IC-2A Answers and Explanations


1)  C                The vent uses a 50 PSI gas source and consumes approximately 10 LPM gas flow to power the logic circuits. If you are trying to figure out how long the vent will run on air & oxygen tanks, be sure to add 10 LPM gas consumption to the minute ventilation of the patient when doing your calculations.

2)  B                PEEP must be set before setting the inspiratory effort. Since the inspiratory effort does not auto-compensate, any time PEEP is changed, inspiratory effort must be readjusted.

3)  A                When the sensitivity is set appropriately, each time the patient makes an inspiratory effort, the DEMAND indicator will activate. If the patient is on ASSIST CONTROL, the CYCLE indicator will activate along with each demand effort. If the patient is in SIMV, the DEMAND indicator should activate with each patient effort. The vent will deliver the set tidal volume according to the rate set by the Insp. Time and Exp. Time knobs, and any additional breaths will open the demand valve and deliver flow at whatever flow rate is set. (Note: If the patient happens to take a spontaneous sigh breath, it’s possible they could open the demand valve flow a couple times in a row to satisfy their spontaneous need.)

4)  C                The chart on the side should be used as a guide. By adjusting the Exp. Time knob and counting the cycles of the vent when it is in the NORMAL mode you can achieve any rate between 1 1/3 to 66 BPM.

5)  A                VERY IMPORTANT!!!  The SIMV setting on the IC-2A is a little different than most ventilators. Your patient must truly be making a spontaneous effort and the sensitivity must be set accordingly. If the vent does not detect any spontaneous effort, a back-up breath will be delivered only once every 10 seconds at the pre-set tidal volume.

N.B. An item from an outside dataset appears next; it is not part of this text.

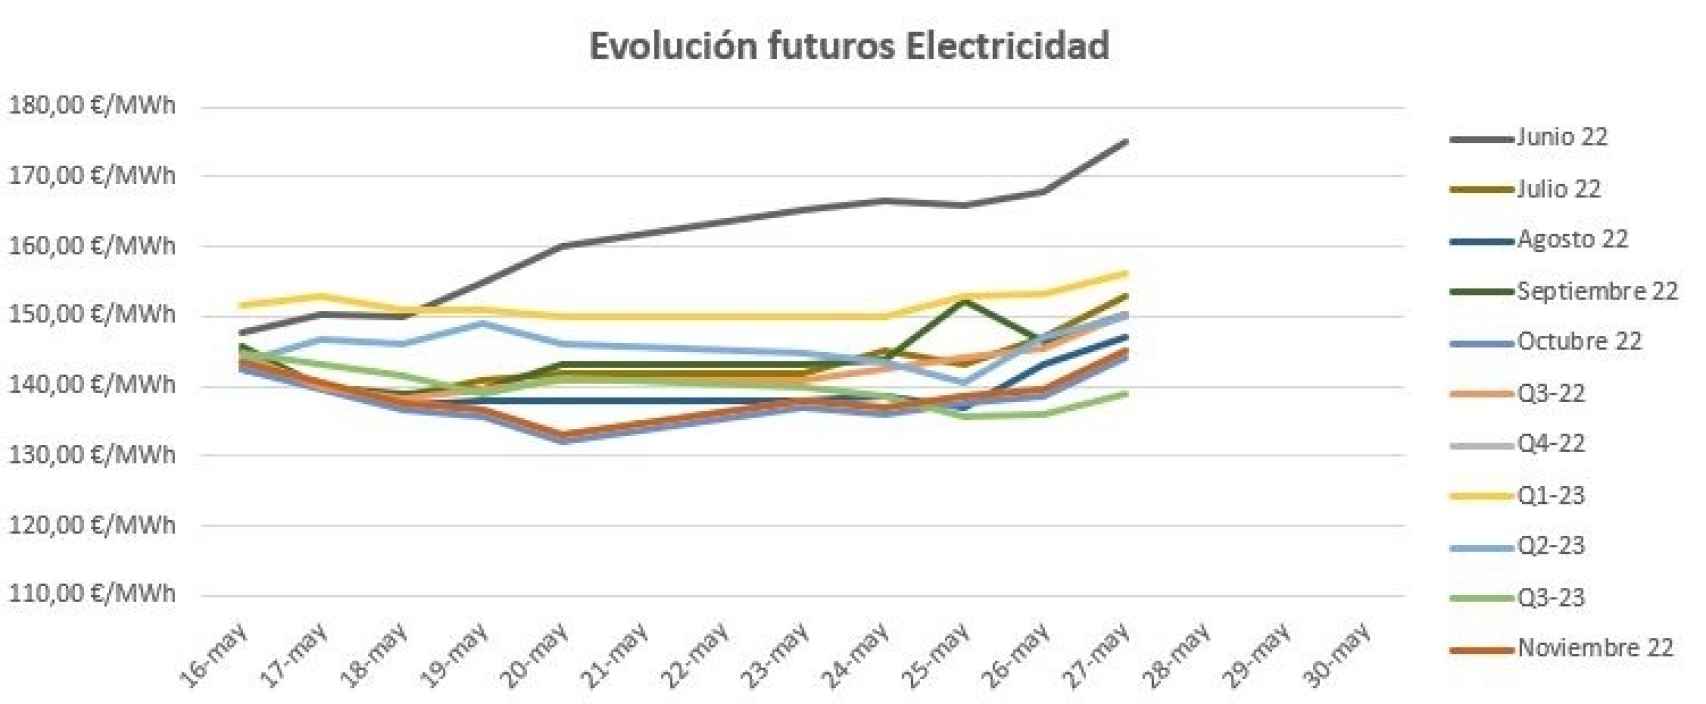 Evolución de los futuros de electricidad en España

If you are concerned that your patient’s spontaneous effort may not be reliable and 6 BPM is not sufficient, you may want to consider using Assist Control mode.

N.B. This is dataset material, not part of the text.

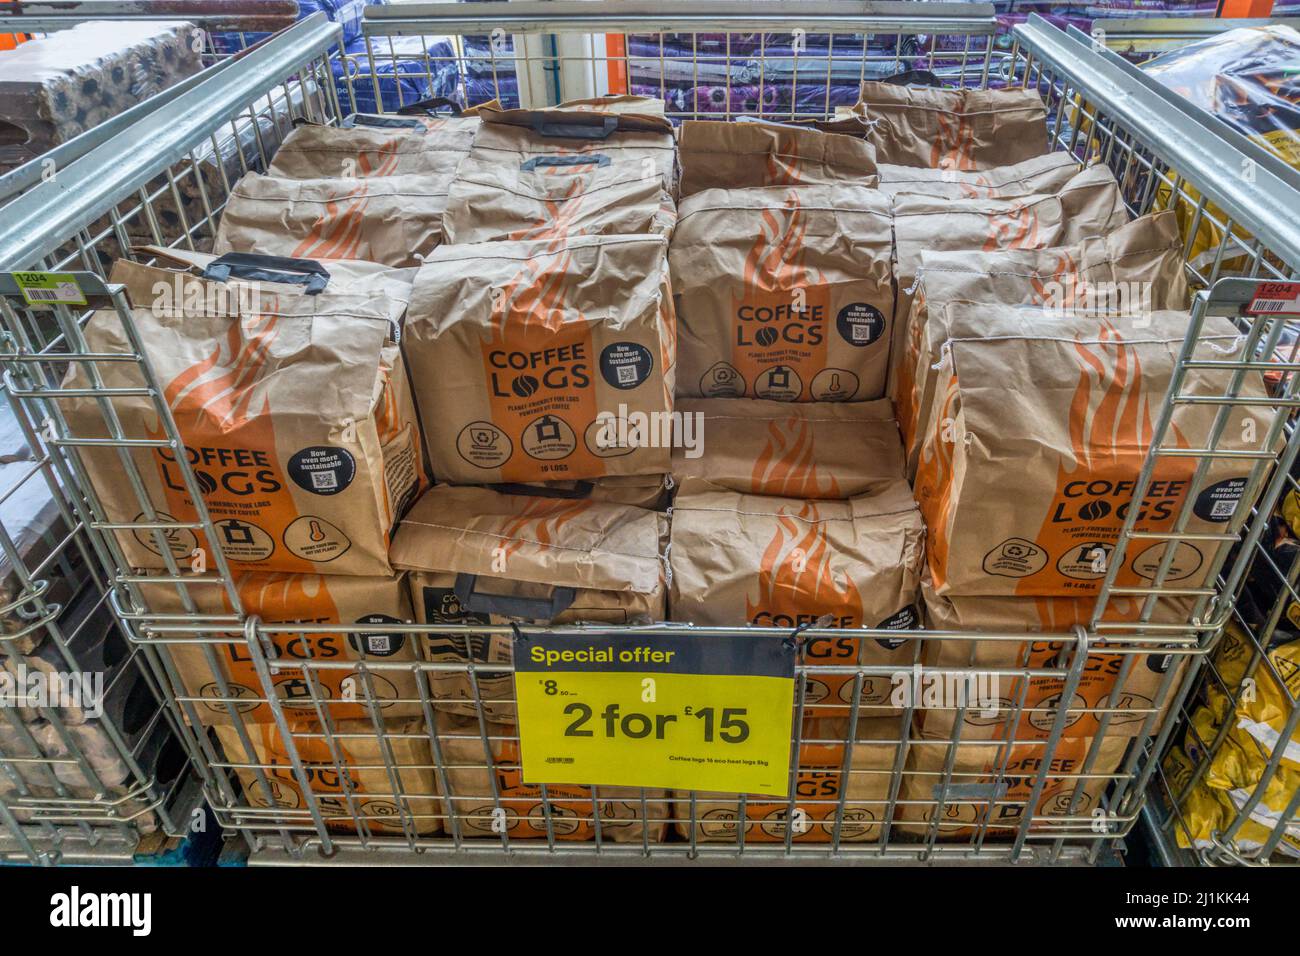 Coffee Logs zum Verkauf. Brennstoff für Kaminöfen aus recyceltem Kaffeesatz, der in einem Supermarkt verkauft wird. Stockfoto

6)  C                When setting up for each patient, the MAX PRESSURE knob should always be set to its maximum setting initially to assure that you are delivering the full tidal volume and not pressure limiting. Once you are satisfied with the volume delivery, you can occlude the patient circuit and set the max pressure knob to a level that will provide an appropriate pressure pop off, or, if you desire to deliver pressure limited ventilation instead of volume limited, you may set the max pressure knob to your desired pressure limit.